Introduction to Random Forest

Random Forest works on classification and Regression both problem statement.

Random Forest uses N number of Decision Tree as base model and give some sample of the data to each Decision Tree to predict.

if you don’t know about the DT blogs 1,2.

for classification, Random Forest take every output of Decision Tree and do voting whichever class has highest voting it take that as output.

for Regression, Random Forest take average of every numeric output.

Why Random Forest called Random Forest and Why we need it?

Random forest adds additional randomness to the model, while growing the trees.

here, Randomness means RF gives random sample data to the DTs. that’s why there is random.

RF uses Decision Trees to prediction. if there is so many trees it called Forest. that’s why there is forest.

so, Decision Tree has problem called as Overfitting to solve that problem we use RF.

with Randomness in data and DTs, it decrease the overfitting in model.

Hyper Parameters for RF

1. n_estimators: total number of Decision Trees in RF. default = 100
2. criterion: for measuring quality of split
• {“gini”,”entropy”}, default=”gini”

3. max_features: number of features to consider when looking for the best split.

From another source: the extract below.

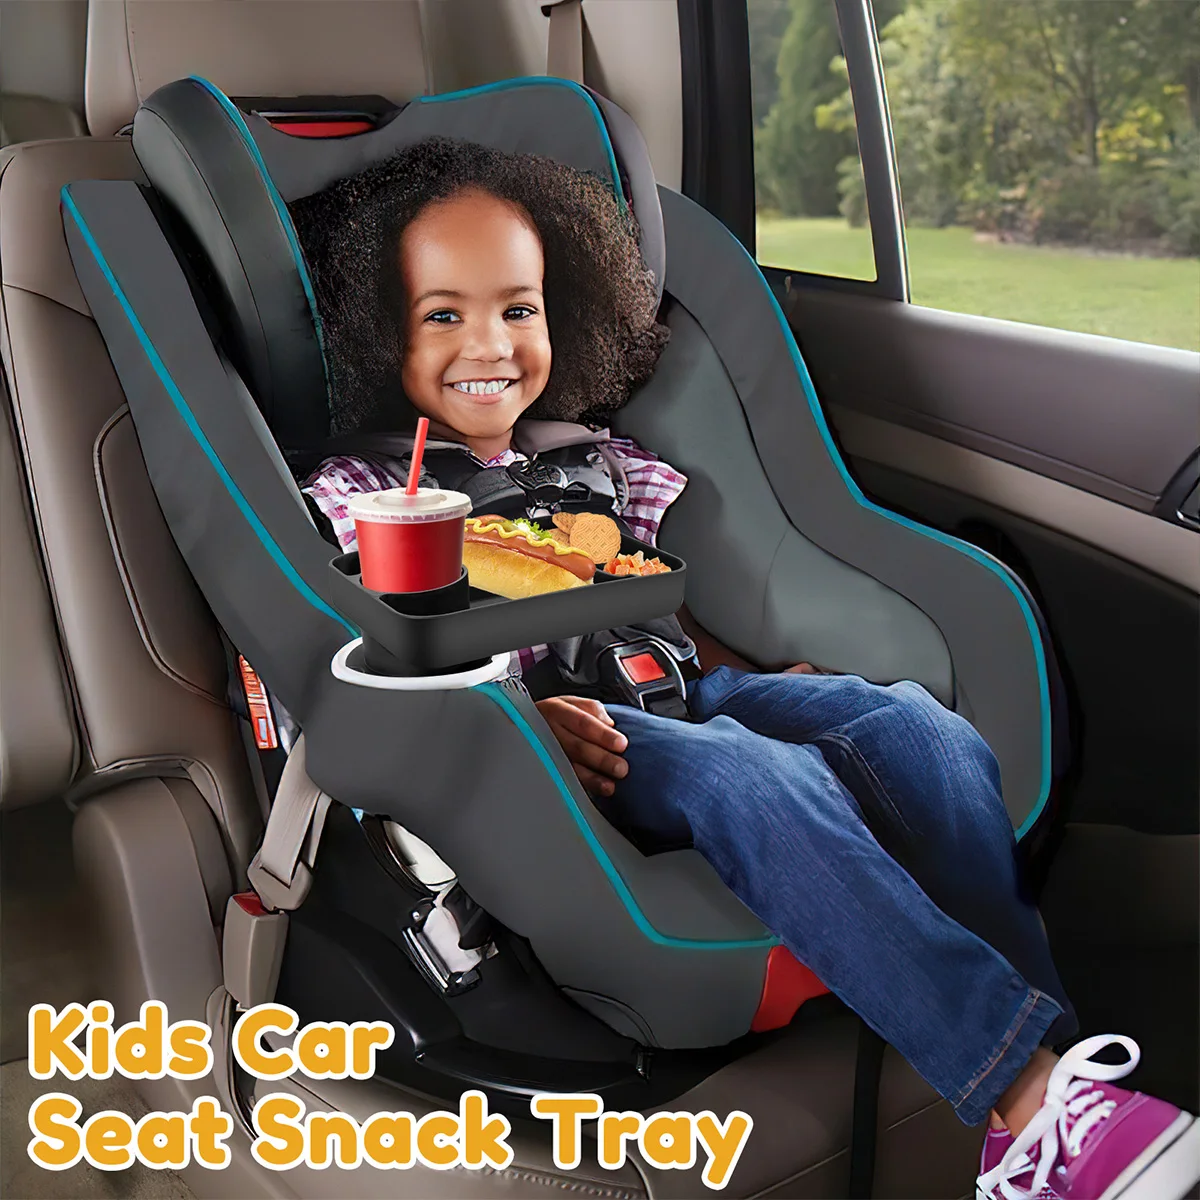 Car Seat Snack Tray with Cup Holder Silicone Kids Car Seat Travel Tray Portable Kids Car Seat Food Tray Holder Snack Tray

• {“auto”,”sqrt”,”log2”},int or float, default=”auto”
• If int, then consider max_features features at each split.
• If float, then max_features is a fraction and round(max_features * n_features) features are considered at each split.
• If “auto”, then max_features=sqrt(n_features).
• If “sqrt”, then max_features=sqrt(n_features) (same as “auto”).
• If “log2”, then max_features=log2(n_features).
• If None, then max_features=n_features.

n_feature means number of features.

Pros

reduce the overfitting of DT and helps to improve accuracy.

automates missing value present in data

normalising data is not required

Cons

require much computational power as it builds numerous trees to combine their input.

require much time as it combine so many trees.

Due to the ensemble of decision trees, it also suffers interpretability and fails to determine the significance of each variable.

Tip:- you can use different algorithm rather than DT for building base model in RF.(Wikipedia)

so, I have some question Regarding RF. if you know please let me know in comment section,

q) suppose we have classification problem(output yes/no) and in RF, we use 10 DT. if 5 DTs gave output as “yes” and another 5 DTs gave output as “No”. now, RF classifier choose which one as output ?

Thanks for reading this blog :)